By this time it was after 1, and the recovery room nurse called my ambulette to pick me up and said they would pick me up at the emergency room entrance. Now, just to say why I take the ambulette in these cases instead of Access-a-Ride. To take the later, you have to book one to two days in advance and tell them what time to pick up for the return. With certain doctor appointments and a procedure that I just described, it is impossible to know exactly when I will be finished. I my case above, I could have even had to stay overnight. So it was impossible to book a return pickup time. But this turned out to be the ambulette ride from hell.

First off, we were waiting for over an hour at the emergency exit like we were told to do. Suddenly I got the idea to have a lok at the vehicles standing at the corner, about 3/4 block down the street. Sure enough, my ambulette was waiting there. I called Louise and Ellita to come down the street [they'd been waiting in the hot sun] and Ellita and I boarded. There was already a couple on board, the wife of which was in a wheelchair in front of mine. We had another pickup along the way, and we ended up getting in my door about 4pm and rushed out for an early dinner at a fabulous new little Indian restaurant on Queen Blvd. So out for about 6 hours for a 5-minute procedure.

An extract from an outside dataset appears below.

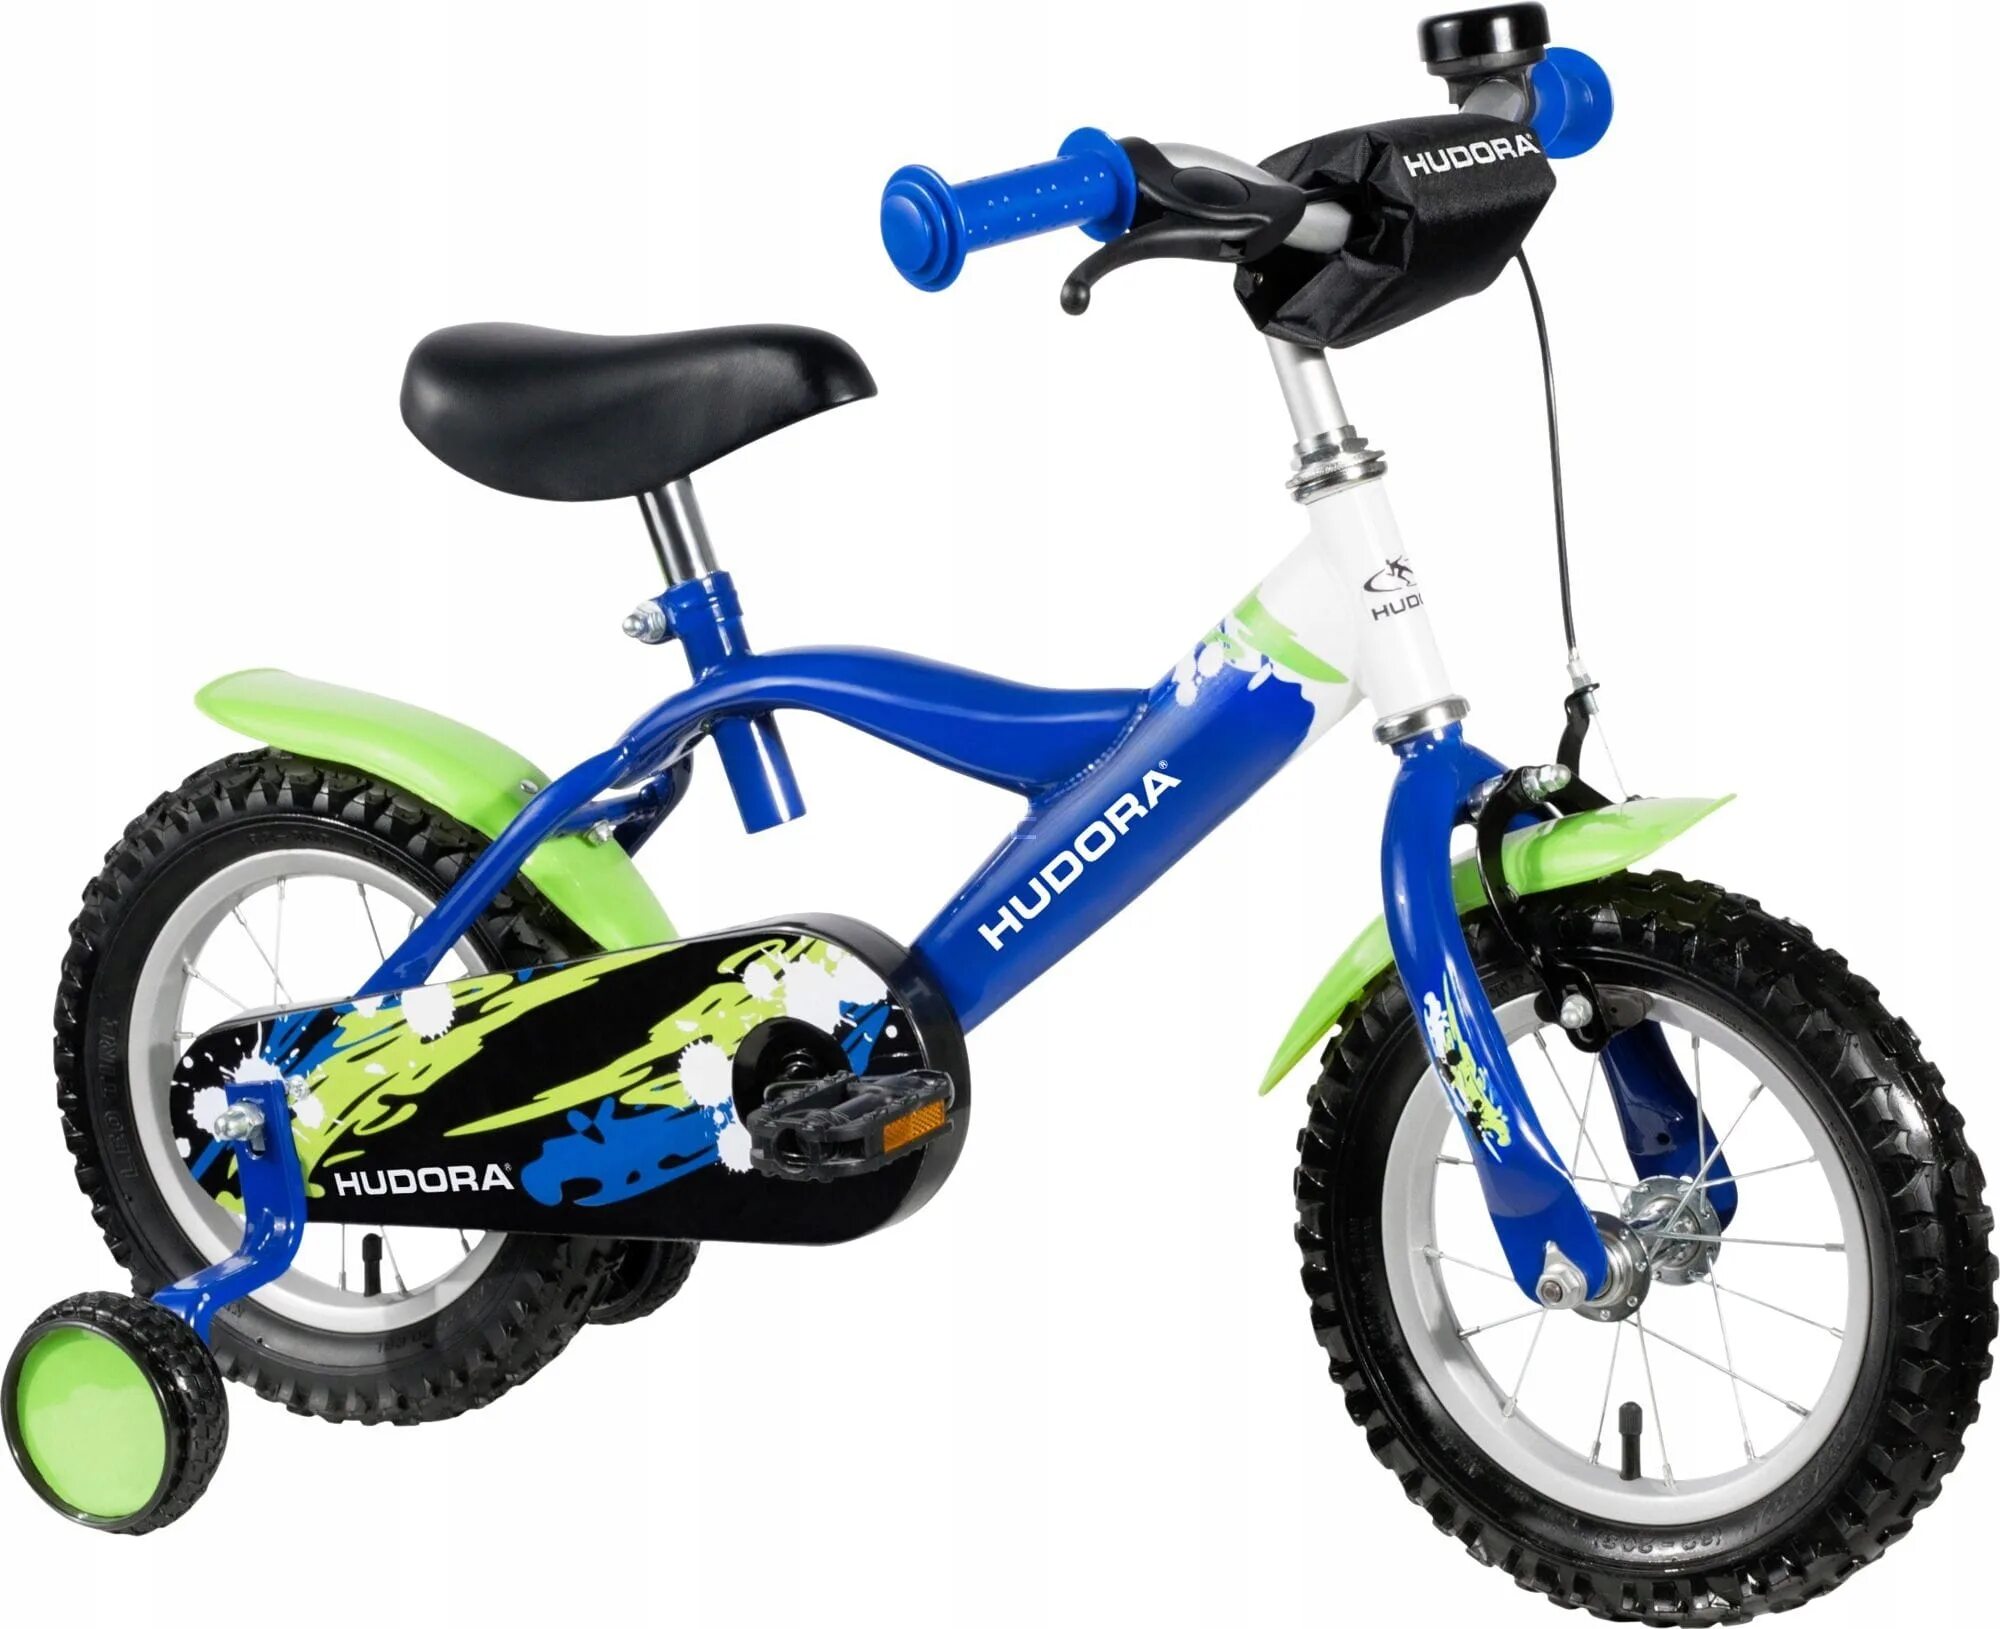 Велосипед 12 дюймов на какой. Велосипед Hudora 12. Green Bike велосипед 12 дюймов. Велосипед 12 дюймов синий. Велосипед 12 дюймов зеленый.

But, here's the "hellishness" of the ride: the couple who had been in the ambulette when we boarded, looked like they were right out of "central casting". They could have played the part of trailer-park residents. The husband had no front teeth, scraggly hair and tattoos. His skinniness made him look almost like a junkie. The wife, who I inferred was the patient, looked unhealthy indeed. I thinnk I overheard somethhing about dialysis, and they seemed to be regular clients who knew the driver with familiarity. When we arrived in Astoria, Queens to let off the fifth passenger, the husband also got out of the van, motioned for the driver to wait [which didn't make us happy, since we were dying to get home, and I hadn't eaten since 11pm the night before]. Well, this man lit a cigarette, took a few drags himself and then, to my dismay, handed it to his wife sitting in the van in her wheelchair in front of me. It's impossible to protest when you can't speak and especially when you're choking from the smoke. So Ellita told them I had respiratory problems and they finally put the cigarette out, not a moment too soon.

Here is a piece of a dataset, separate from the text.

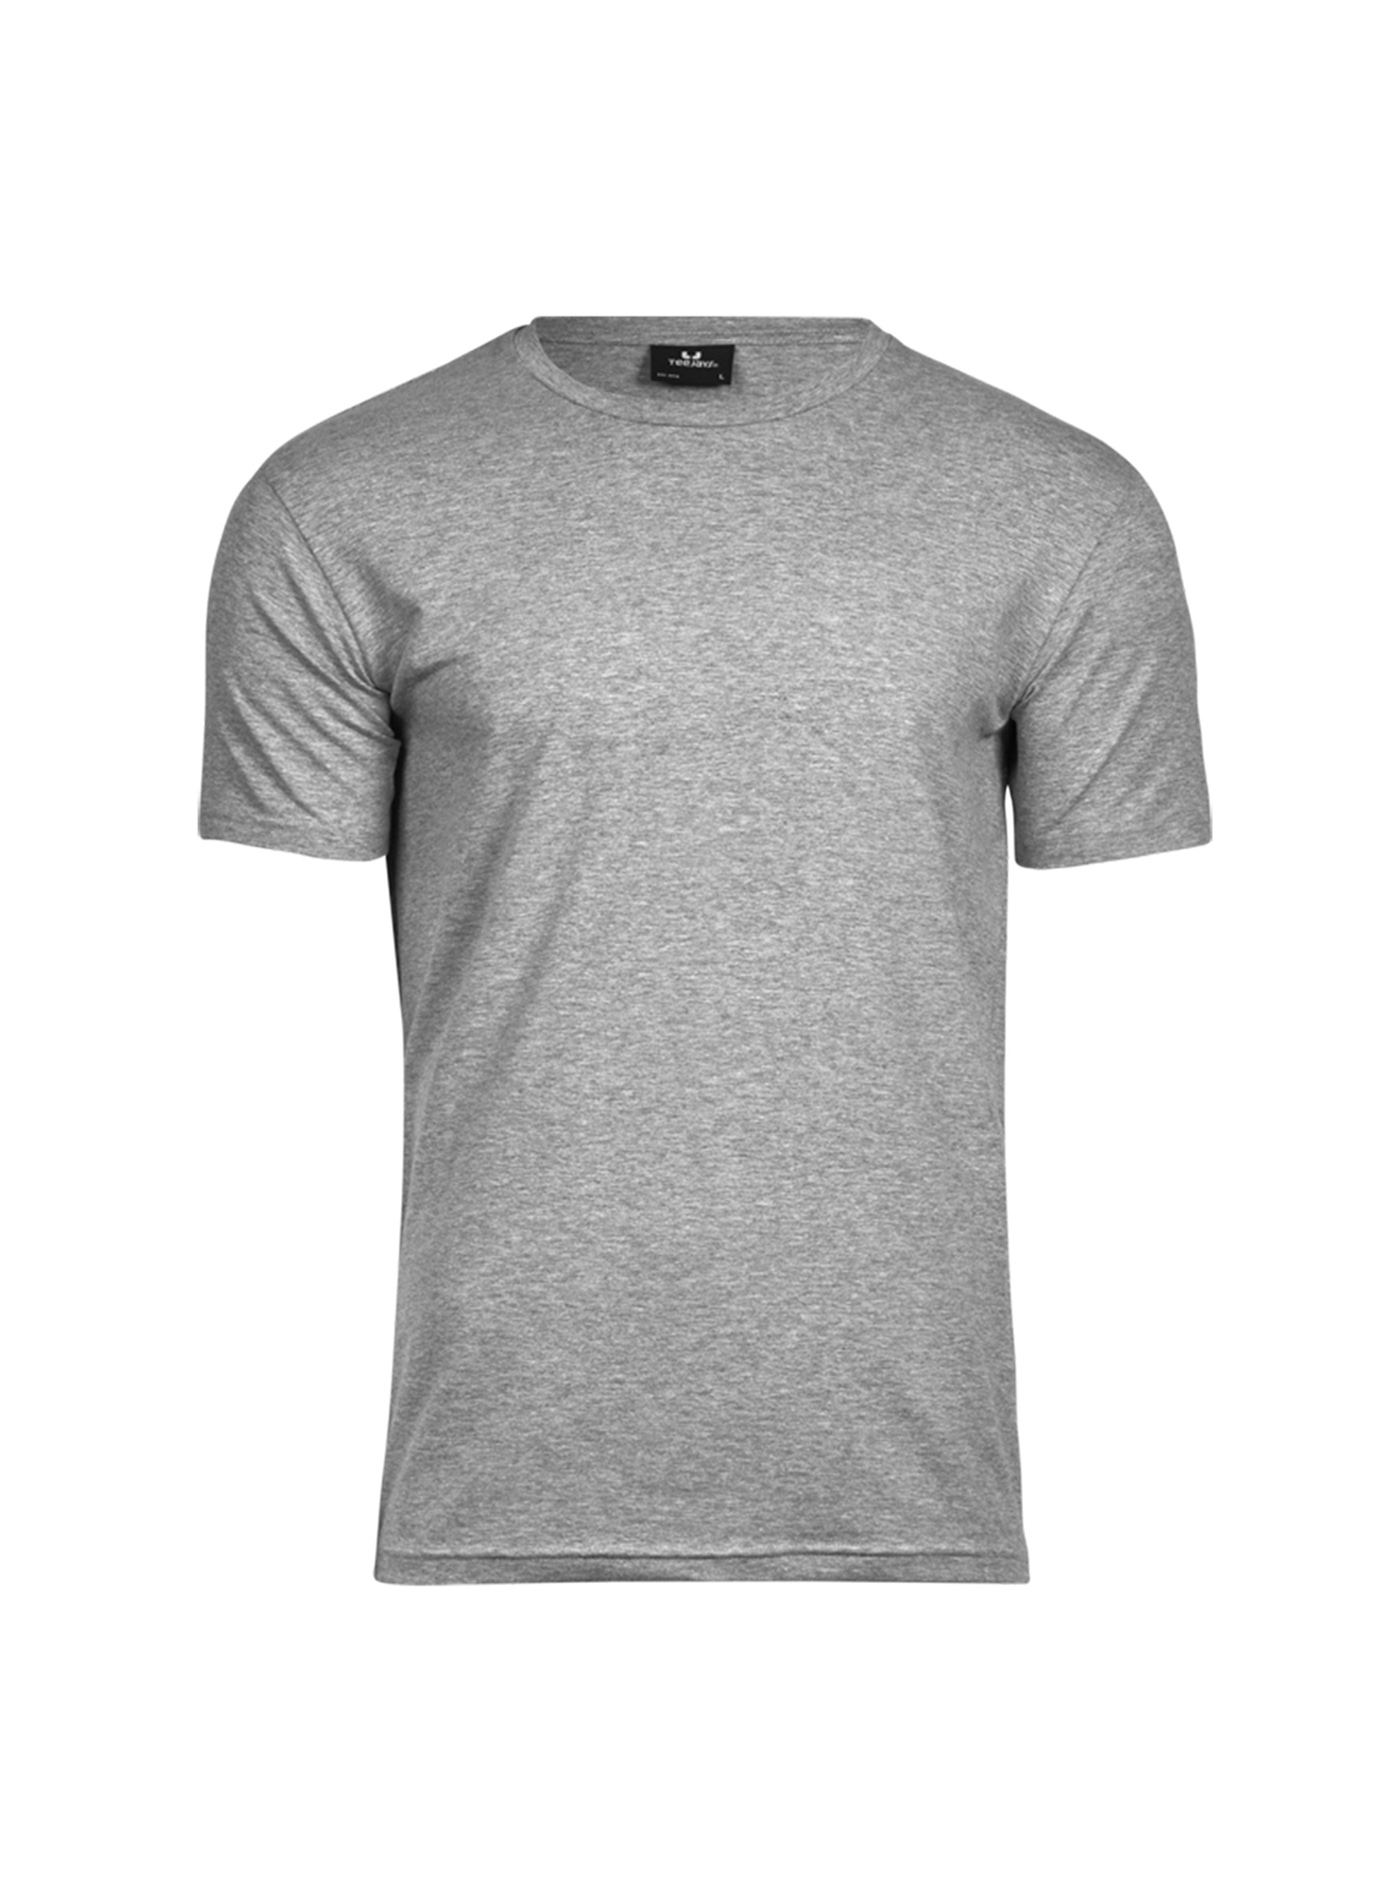 Pánské tričko Tee Jays Stretch - šedý melír M

By the time the driver started up the van, the front was full of smoke and I began coughing up a storm. When I stiffened up and couldn't help kicking the woman's wheelchair, she went beserk on me. The husband saw I was choking and said to Ellita "is she okay?" and Ellita said "She's coughing from the smoking!" The woman said "well what do you want me to do? I had to have a smoke!" and the man said "Oh, if I knew, I would'na done that!" But he didn't exactly ask us if it was okay.

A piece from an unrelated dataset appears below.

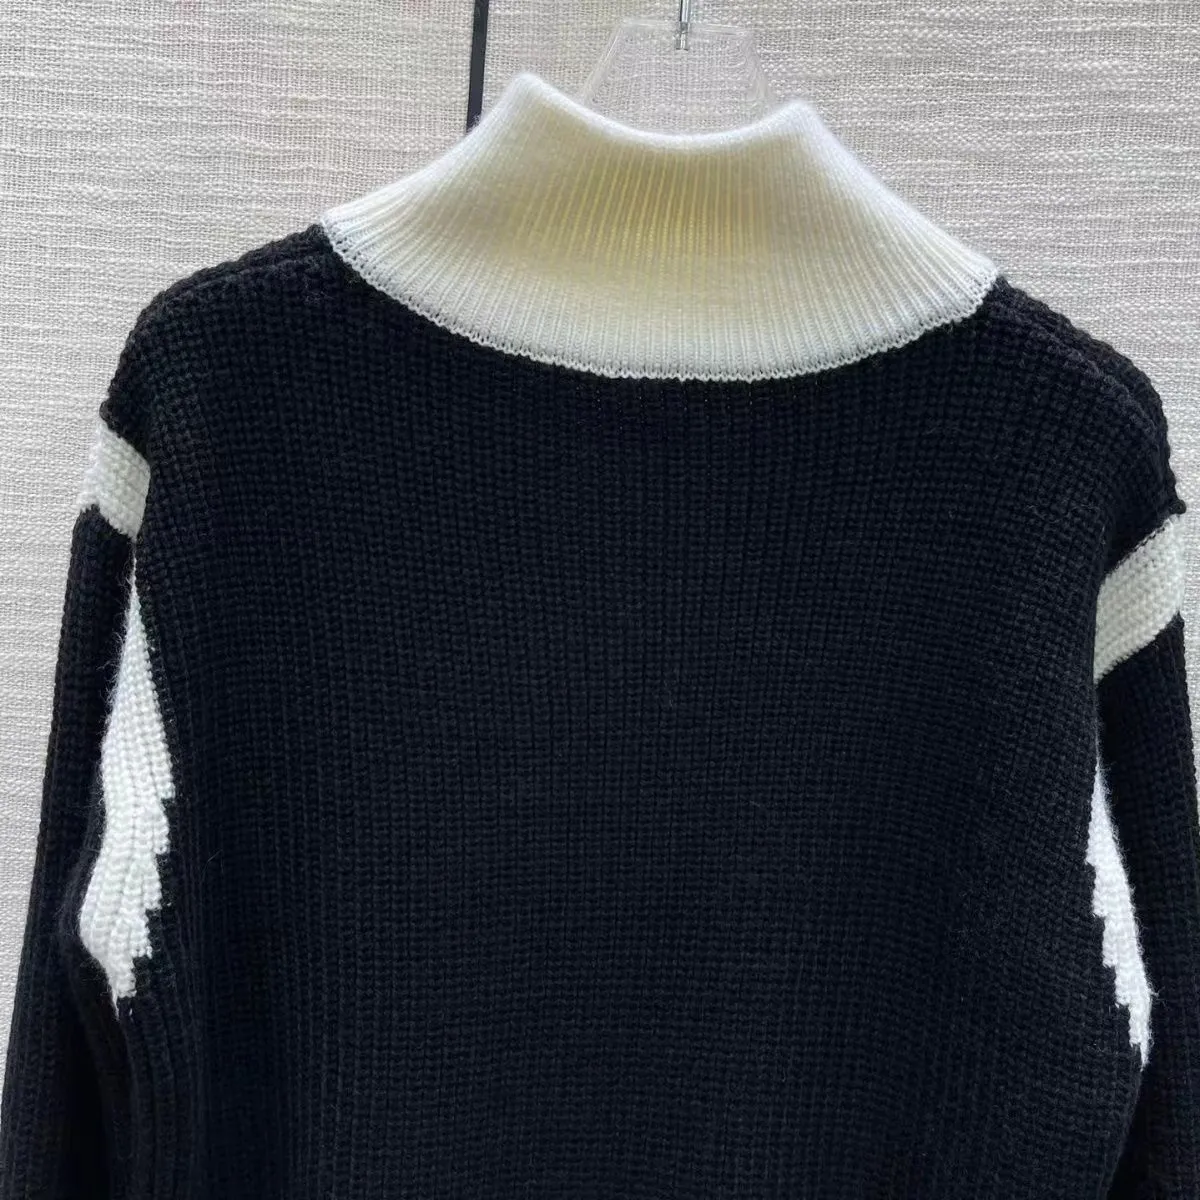 Chandail pour femmes automne femmes chandails Cardigan mode à manches longues tricots femmes décontracté concepteur chandails

Here's the best part. When we arrived in front of my building, they both yelled out "this is so nice!" and the woman said to Ellita "I would like to live here. Can you tell me how she [meaning me] got into such a nice building? How can I get in here?" And Ellita said "you have to buy a co-op"
"Oh, it's nice to have money" she said.
Ha! She should only know!!

1 comment:

Cynthia Meyers said...

Fern,

thank you for your informative post. I took my friend Julie to get evaluated (!) for the Access-a-Ride service in the Bronx in July (Julie has met you in an ALS group). Still haven't heard anything. How long did it take for you to get the service?

You make an excellent point that you can't reserve a return time most of the time, so what is the ambulette service you use?

My usefulness as a chauffeur for Julie may be ending soon since I have a car not a van, so I'd like to learn what I can. Thank you!